Task requirements:
Print exactly, and only, the lines from the one that has "teacher with students" through the end of the material below, with both ends included and the pictures omitted.

Source data:
--------------------

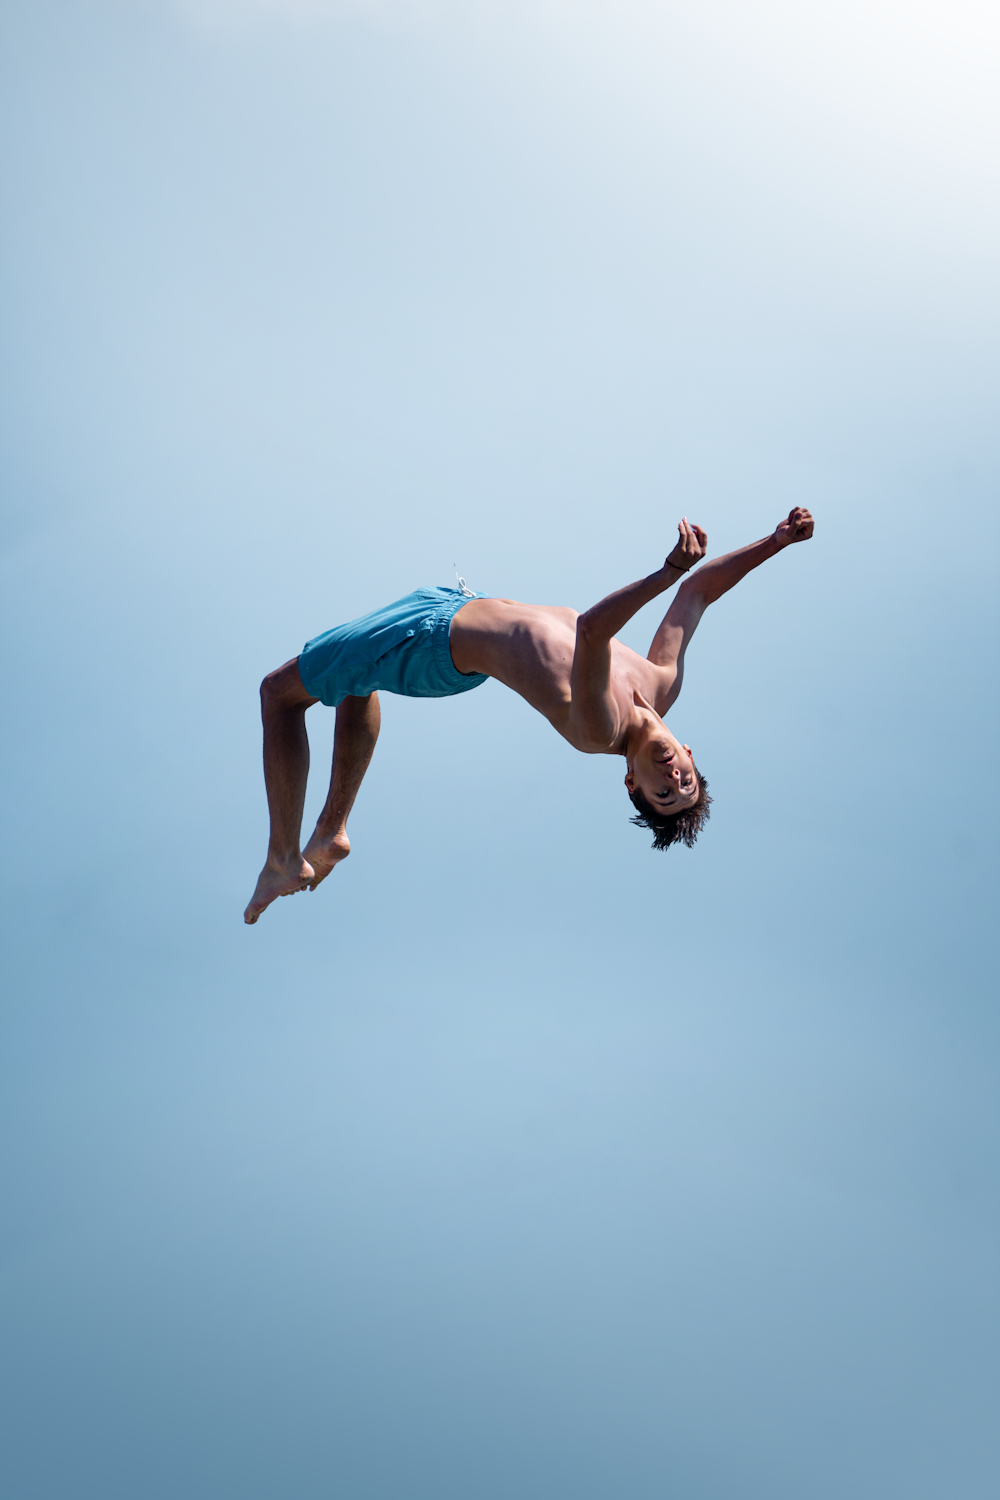 a man in the air doing a trick on a surfboard
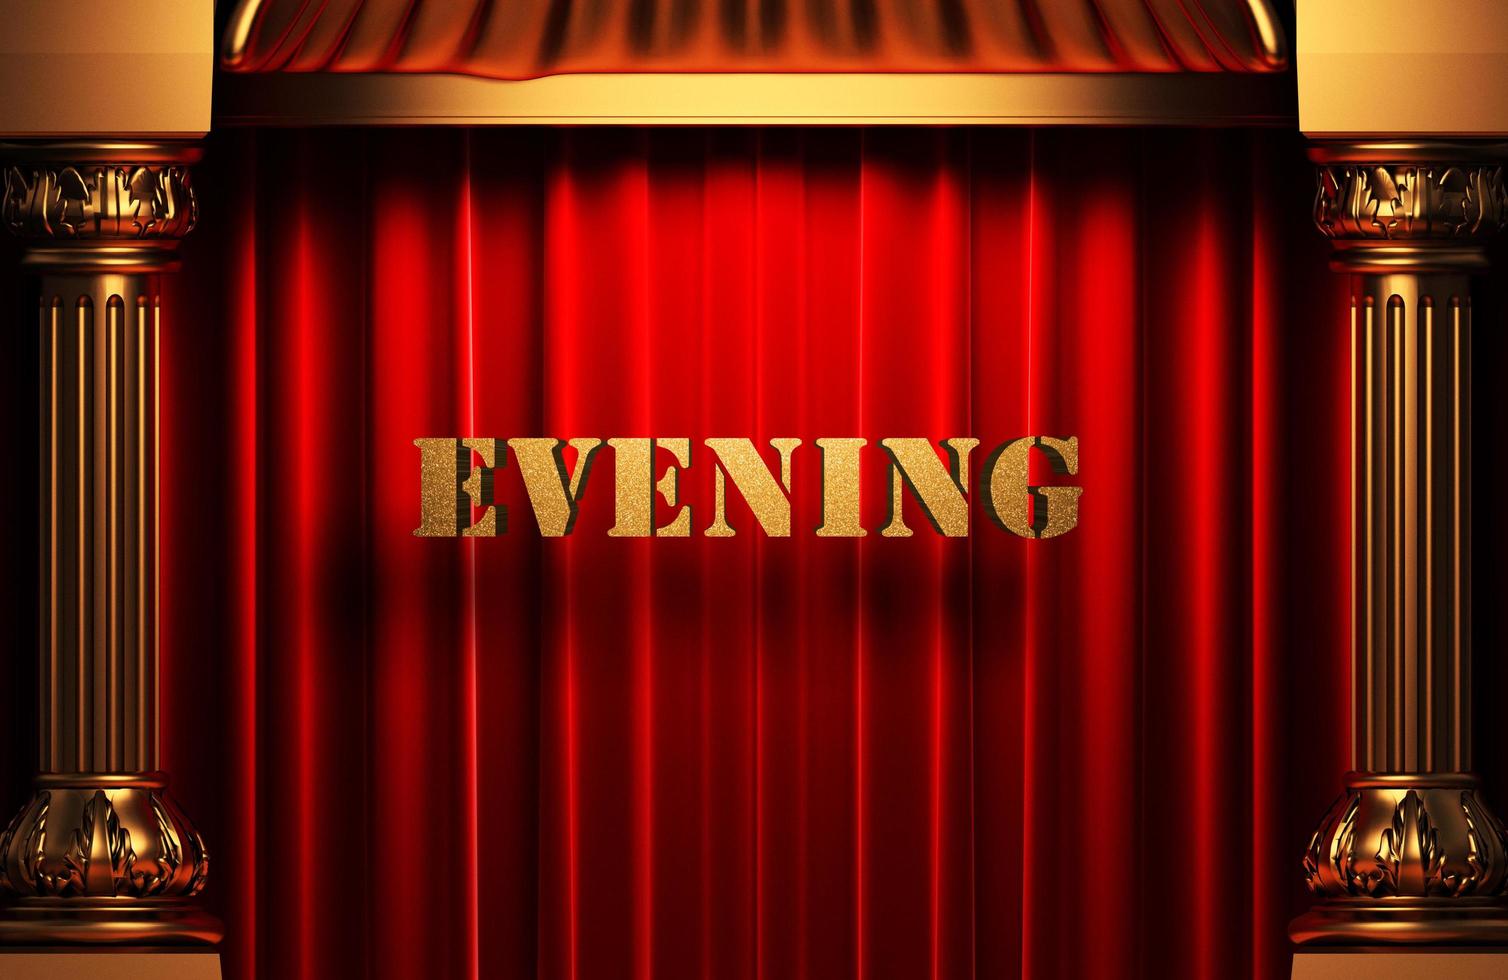 evening golden word on red curtain photo
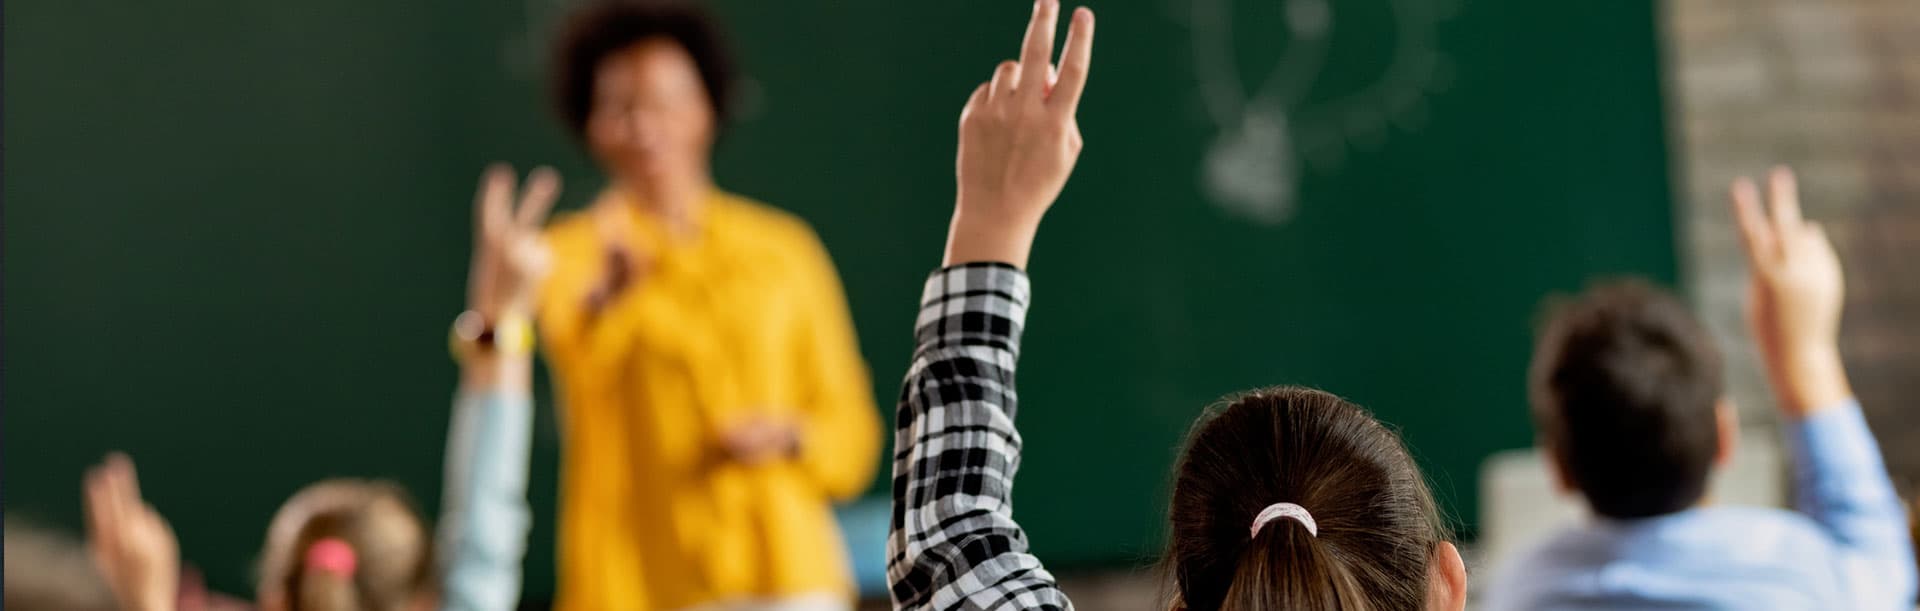 teacher with students raising their hands in classroom
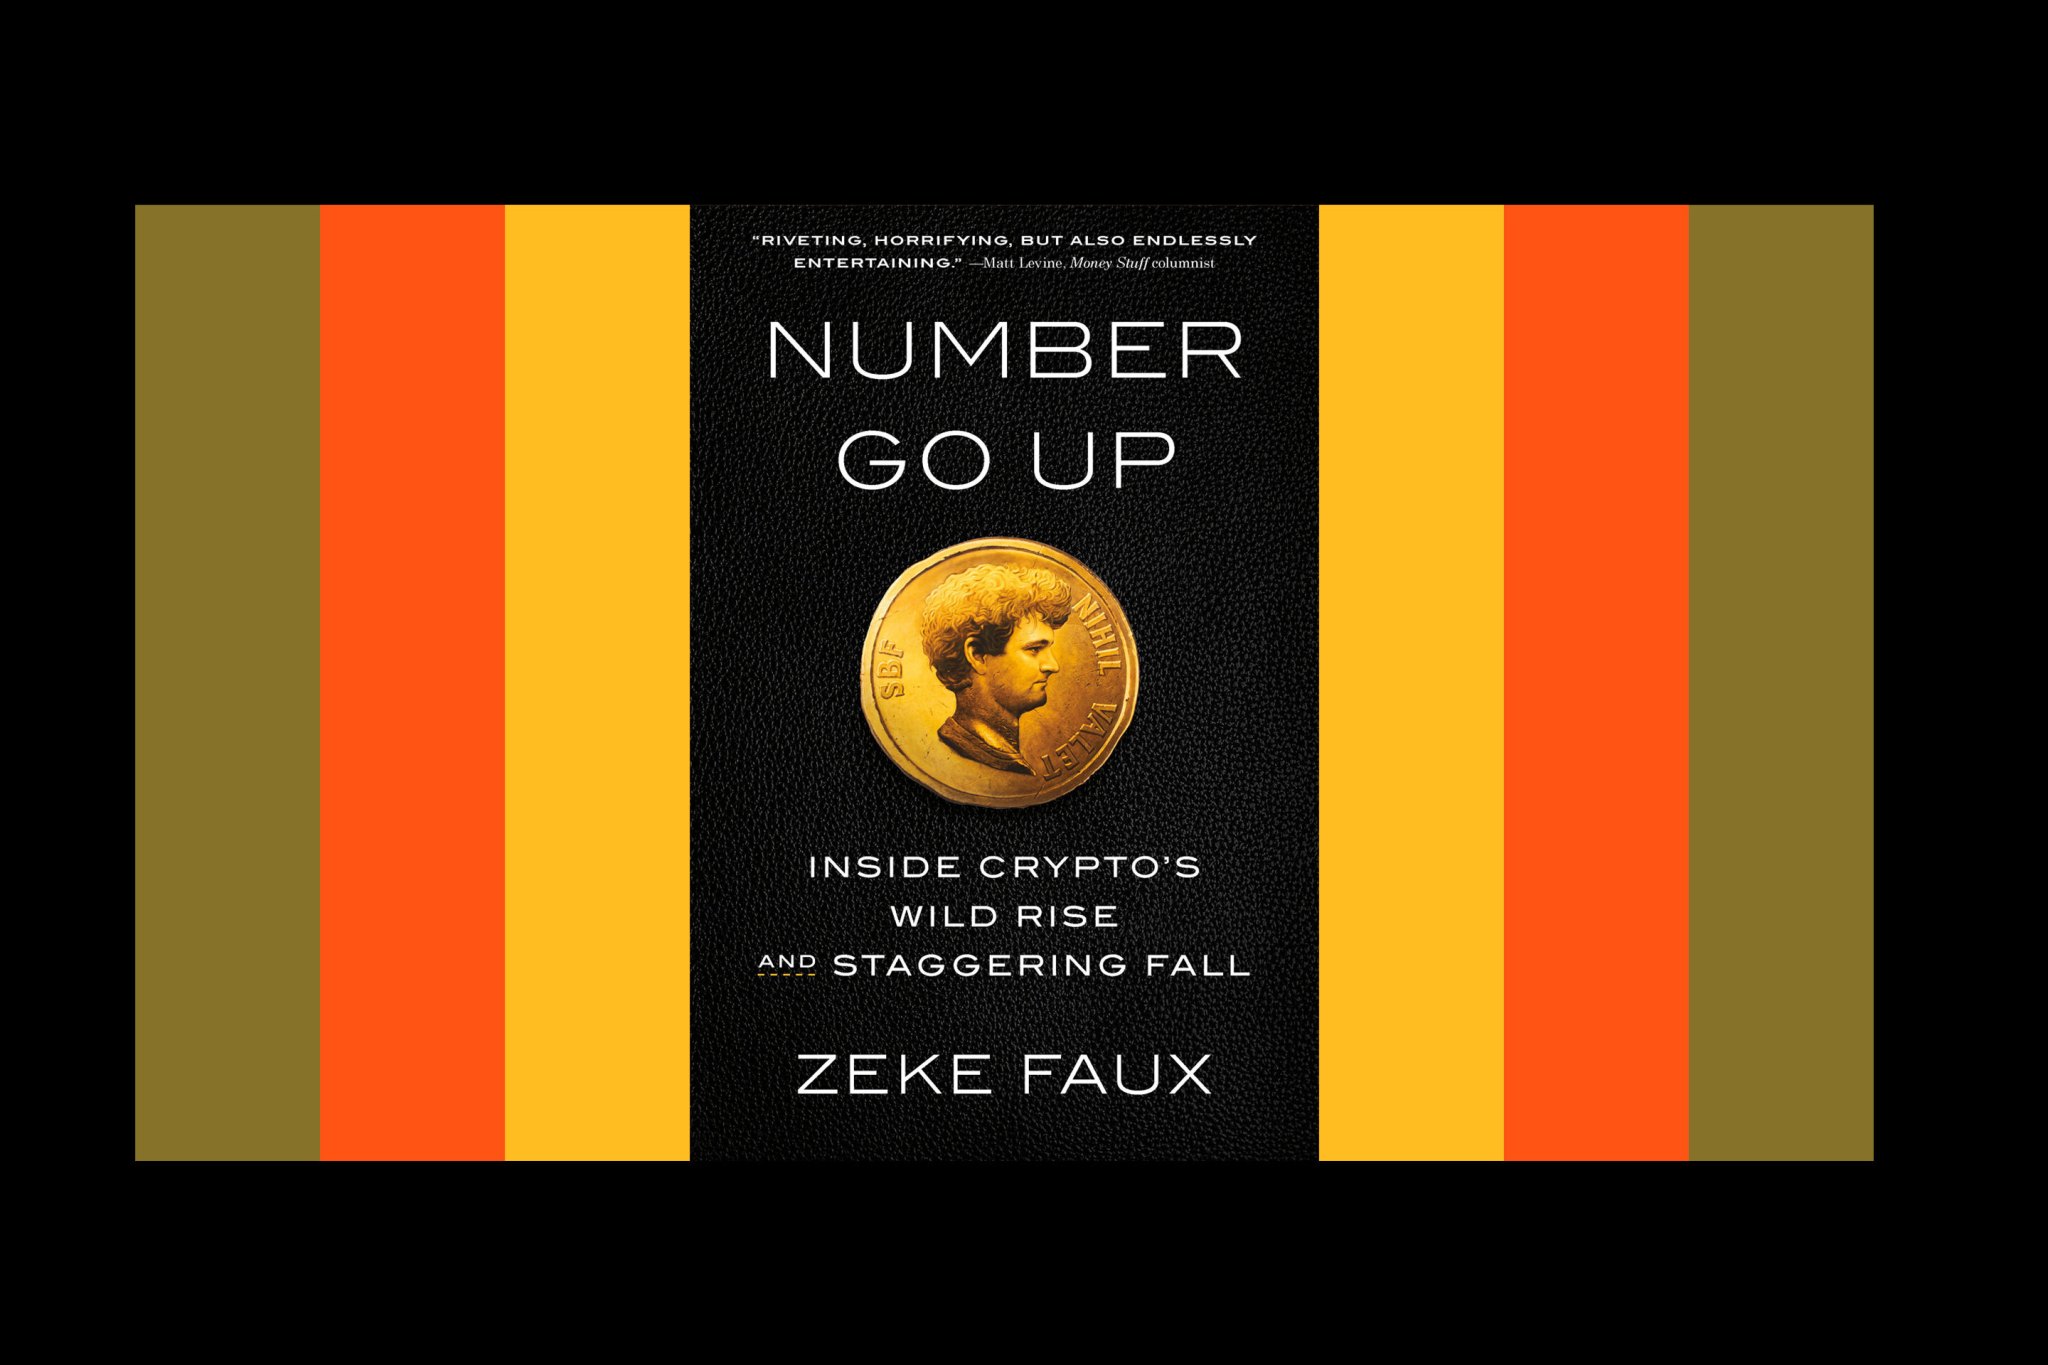 Review: ‘Number Go Up’ is a funny if shallow look at the worst people in crypto

--------------------

Exercise answer:
 teacher with students raising their hands in classroom
 Review: ‘Number Go Up’ is a funny if shallow look at the worst people in crypto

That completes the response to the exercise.